По улицам рыскали стаи собак, собак, которых собственные хозяева выгнали на улицу, потому что не могли прокормить. Они бегали по городу, охотились на кошек и белок, рылись в мусорных кучах. Дождь прекратился, температура ночью падала ниже нуля, земля покрылась инеем.
В небе каждые полчаса пролетали вертолеты, истребители проносились над домами на сверхмалой высоте. В воздухе ощутимо пахло горечью и войной.
В районе Донельсон, в роще они нашли несколько банок консервированных макарон и собачьего корма. Еда была отвратительно холодной, но Генри дочиста вылизал всю банку.
В разграбленном ломбарде они решили поискать оружие. Ничего, конечно, не нашли, но в заднем кармане убитого владельца магазина, который лежал там же, они обнаружили работающий спутниковый телефон.
- Позвони, - Мартинез отдал телефон Генри.
- Нас засекут.
- Может быть. Они и так знают, что мы в городе. По крайней мере, ты сообщишь ей, что жив. А ответит или нет твой друг - дело десятое.
- Уверен?
- Ага. Если бы я знал, что мне кто-нибудь ответит, я бы позвонил.
Генри по памяти набрал номер Барта. Этот план они разработали много лет назад. Три гудка, затем...
- Говори, - послышался голос Барта.
- Баркис не прочь, - произнес Генри.
- Койот, - был дан ответ.
- Отбой, - сказал Генри и отключился.
- Уверен, что это он? - спросил Мартинез.
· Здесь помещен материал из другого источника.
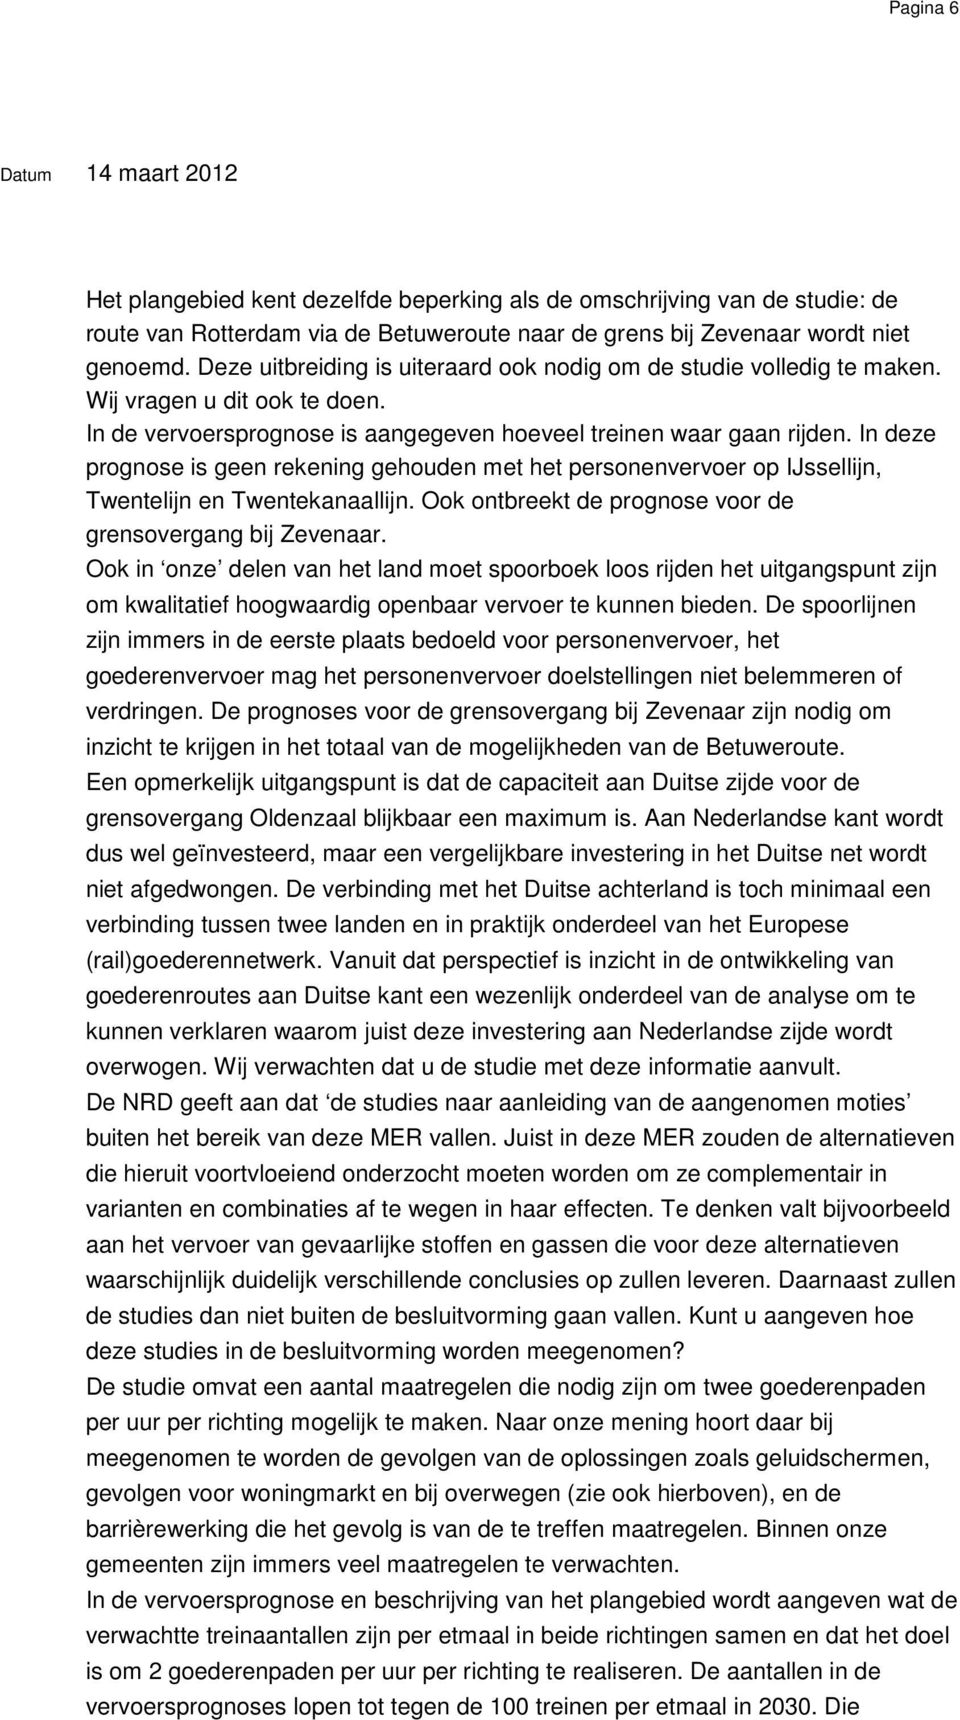 In deze prognose is geen rekening gehouden met het personenvervoer op IJssellijn, Twentelijn en Twentekanaallijn. Ook ontbreekt de prognose voor de grensovergang bij Zevenaar.

- Это был его голос. Это ещё ни о чем не говорит, но он сказал "Койот". Я знаю, что это значит.
- Ну и отлично, - бодро сказал Мартинез. - Полегчало?
- Да, вполне.
Дожидаясь следующей ночи, они издалека рассматривали Берри Филд - базу ВВС Национальной Гвардии, которая примыкала к международному аэропорту Нэшвилла. База будто вымерла, лишь пара солдат с немецкими овчарками патрулировала периметр. Её почти не охраняли, а самолеты больше не садились. Ангары были закрыты, взлётные полосы пусты.
- Пойдем в районе трех утра, - сказал Мартинез. - В это время самый крепкий сон. Капрал Симмонс нас пропустит. Он наш человек. Если он сможет убедить своего напарника в том, что мы тоже свои, то мы сможем незаметно проникнуть в оперативный центр. Оружейка, скорее всего, пуста, но, думаю, Симмонс поможет нам и с этим.
План был рискованным, Генри мог назвать сотню причин, по которым он провалится, но выбора, всё равно, не было.
В международном аэропорту садились и взлетали истребители. Судя по всему, именно он стал местным аэродромом подскока.
Генри спал беспокойно, постоянно просыпался от гула самолетов и собственных мрачных видений.
Ему снился умирающий в госпитале отец. Генри проснулся, тяжело дыша. Он знал, что такое терять отца. Для тех детишек это случилось на улице, их отца убил какой-то сумасшедший селюк. Это было несправедливо.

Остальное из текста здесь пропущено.